The original (Jun 06, 2013) version reads:
"Why are Chinese tourists so rude? SCMP offers an insight"
Whether you’re beautiful or not
show us you can walk straight
kidnap my comments no more
and release those you have illegitimately pocketed
khoiyu
"Waved" (not waived) your hand in the air was rude. Now you were the rude tourist in Guangzhou where smoking (and spitting) everywhere was the norm.
Just don't feel so superior when you visit.
johnrai7
All you need is Love... a bit of love :)
khoiyu
May be in HK but not in the USA where there are no 10% service charges in general.
pslhk
Jiawang is right
Very poorly written indeed
The only interesting “insight”
of this tiresome collection of incoherent hearsays
reported as news
is that
Amy Li = SCMP
The journalist standard exhibited
is not even amateurish
impala
Off topic, but this 'SCMP Offers an Insight' heading is really superfluous. I know this is the SCMP. When the SCMP publishes things, I assume they are offered by the SCMP, unless it is indicated the article is syndicated from AFP, The Guardian etc.

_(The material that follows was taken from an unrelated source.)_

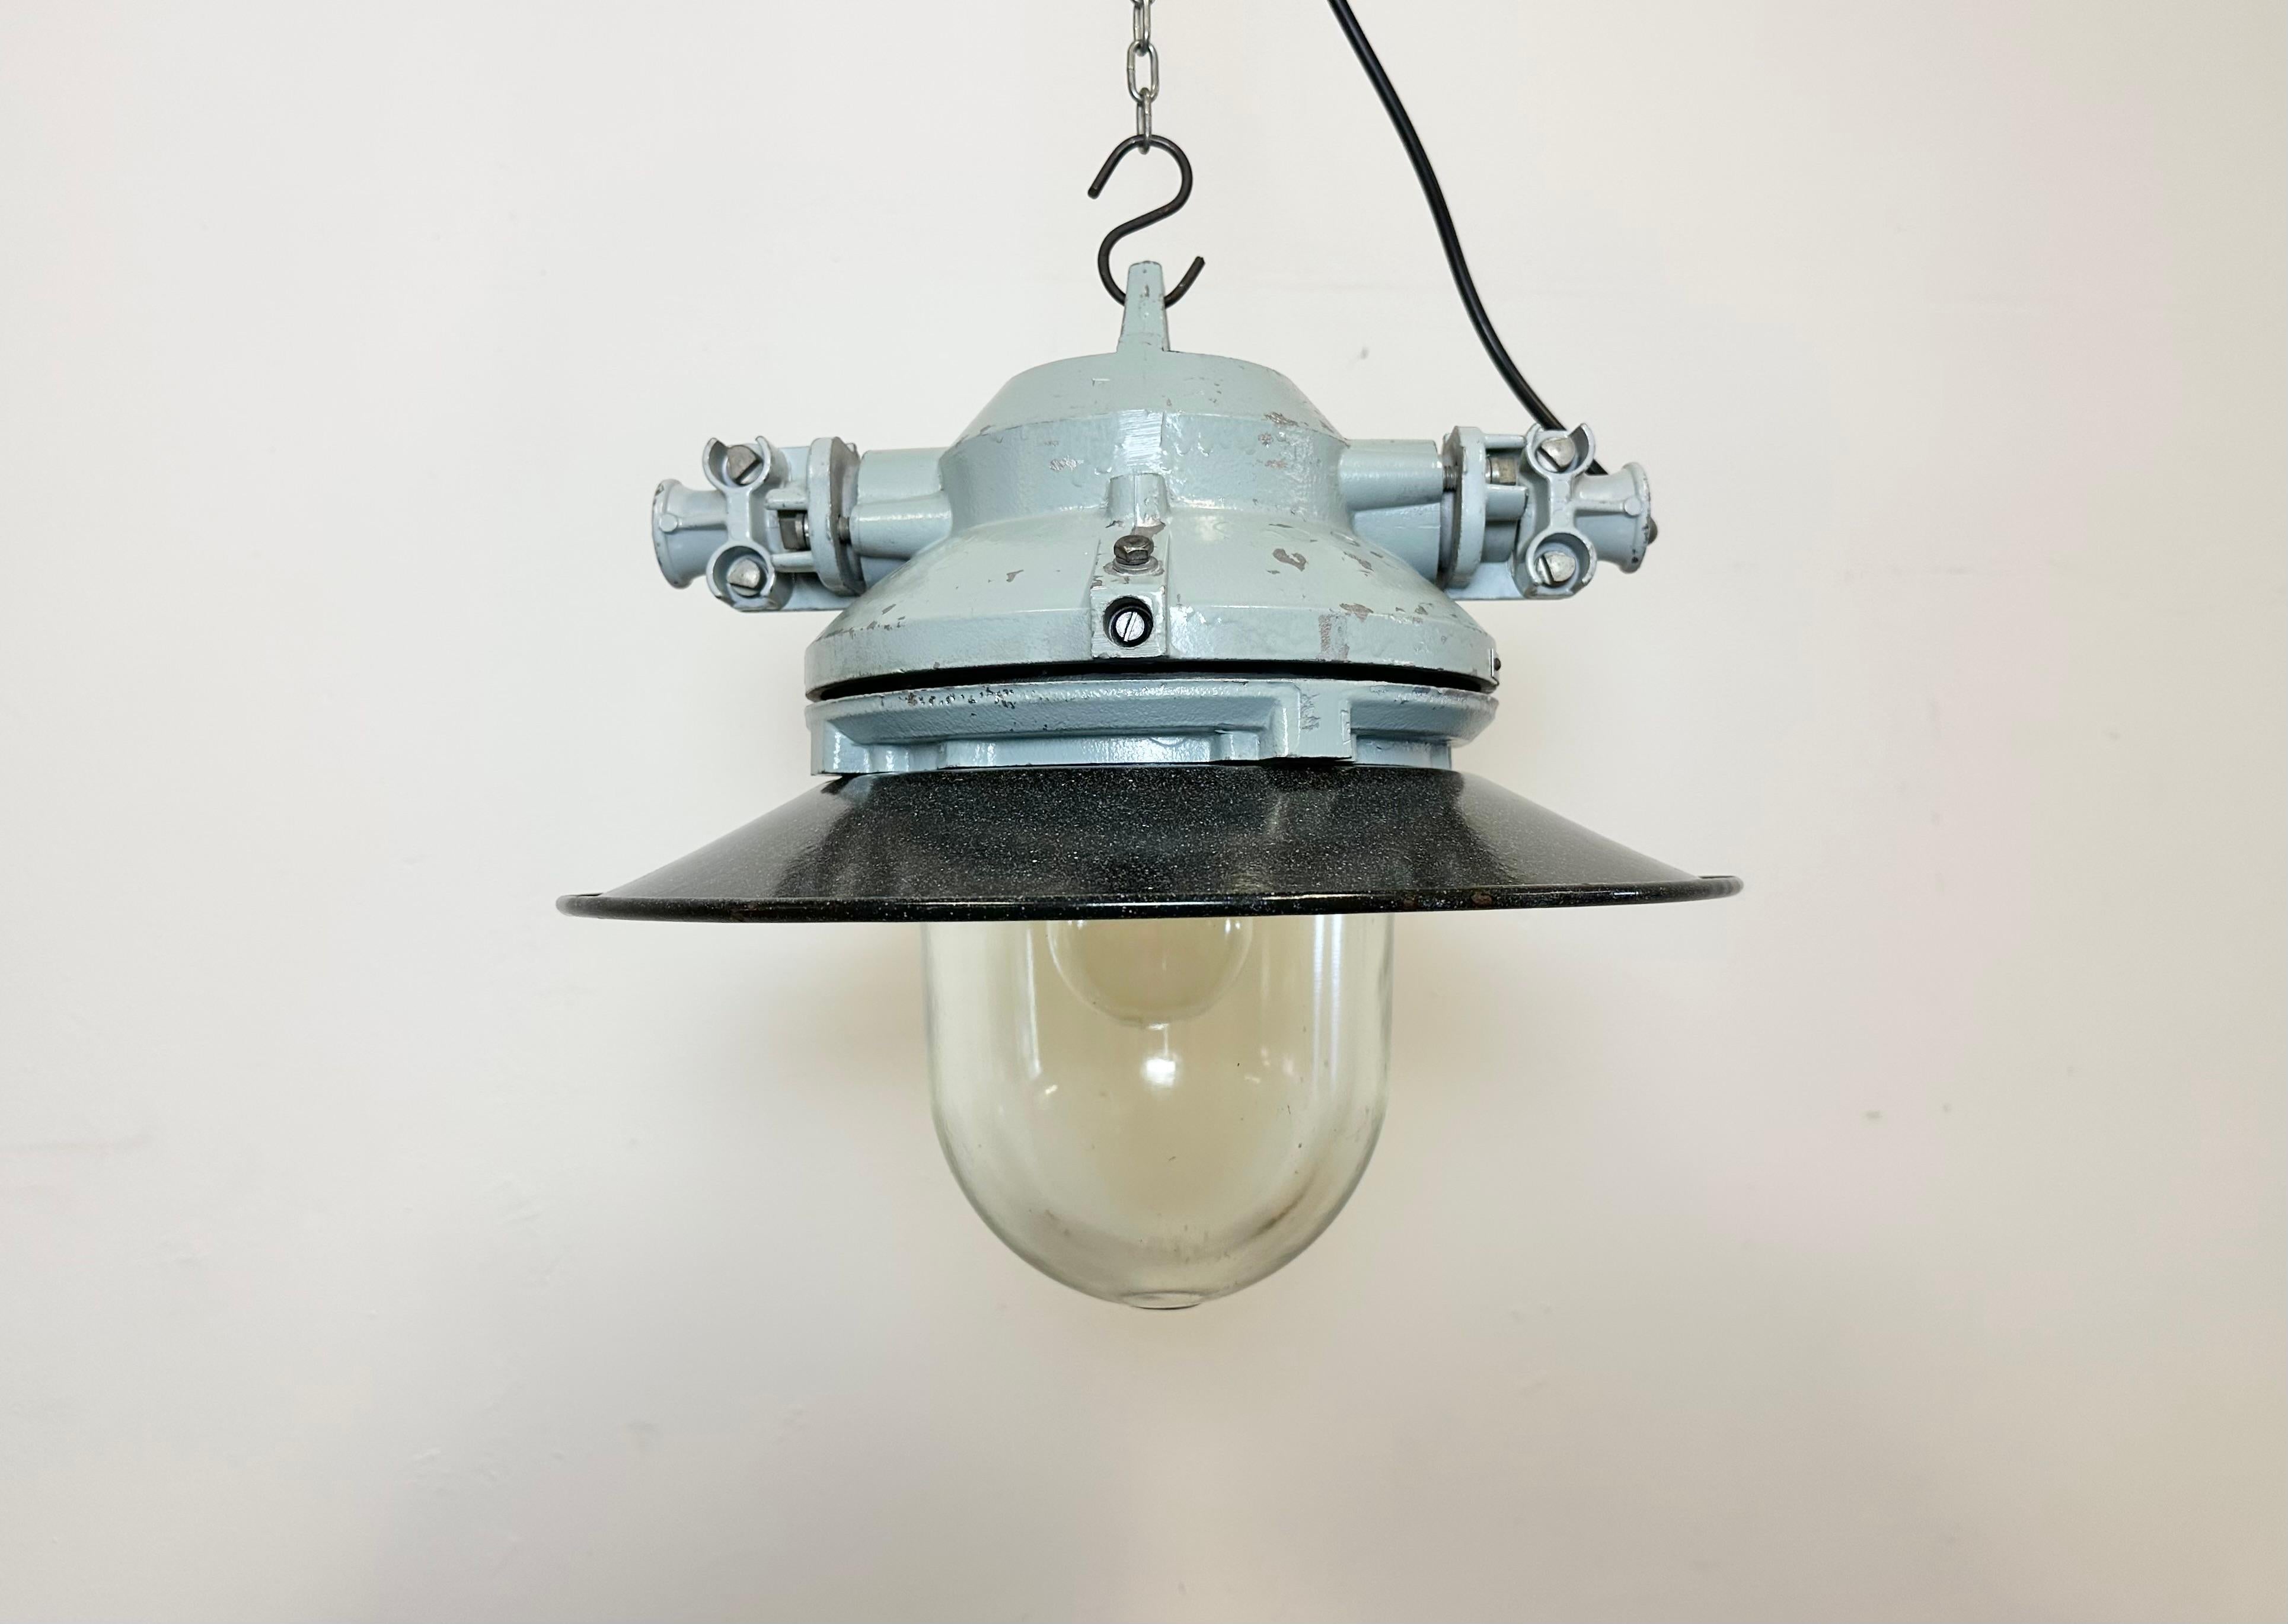 Graue Industrielampe mit massivem Schutzglaskolben, hergestellt von Elektrosvit in der ehemaligen Tschechoslowakei in den 1970er Jahren, mit einem grauen Aluminiumgusskörper, klarem Glas und einem grau emaillierten Schirm mit weißer Innenseite.
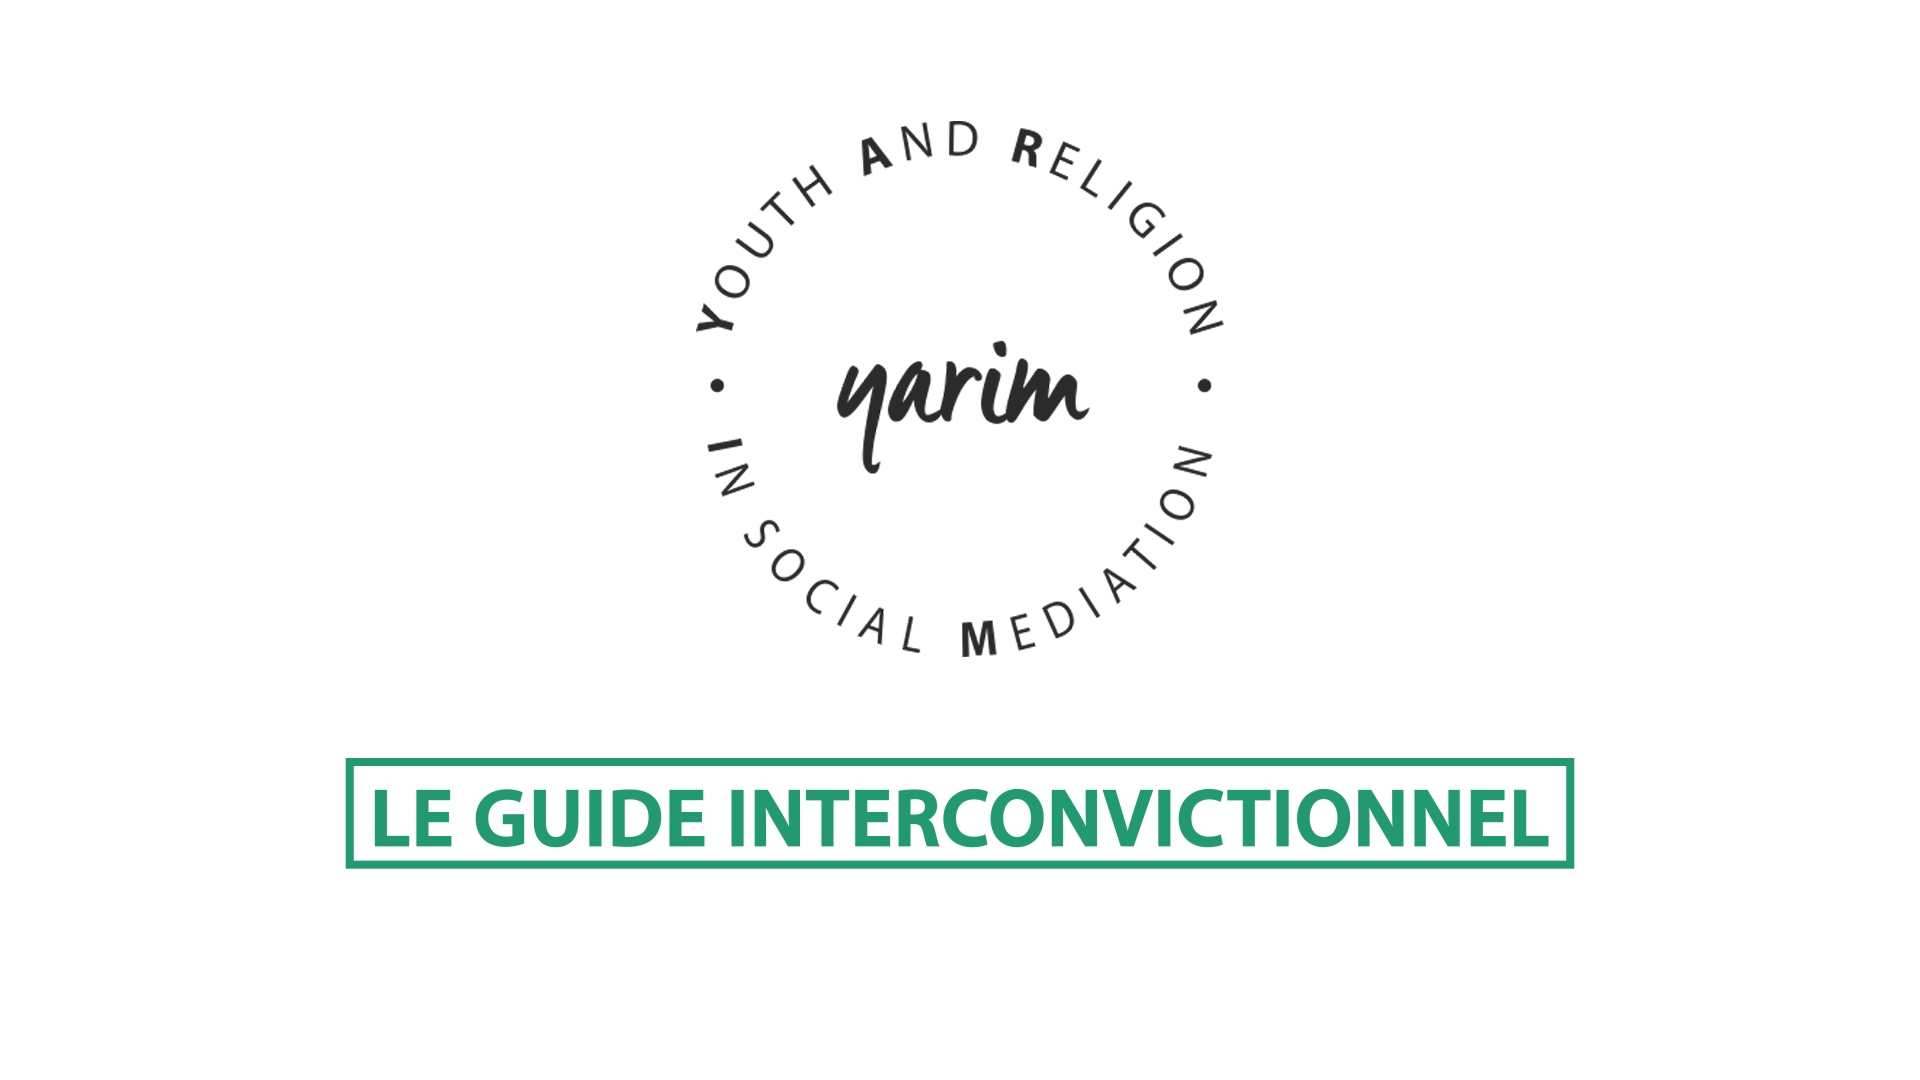 Yarim - Le guide interconvictionnel

If the SCMP is going to indicate in every blog post, editorial, investigative piece or ordinary article that it is an opinion/insight/report/whatever offered by .... the SCMP, then we will be at it for a while.

It reminds of the equally enjoying TVB sponsored broadcasts which are announced like "PizzaBox Presents Masterchef, is brought to you by... PizzaBox."

Ah duh!, a younger person would say.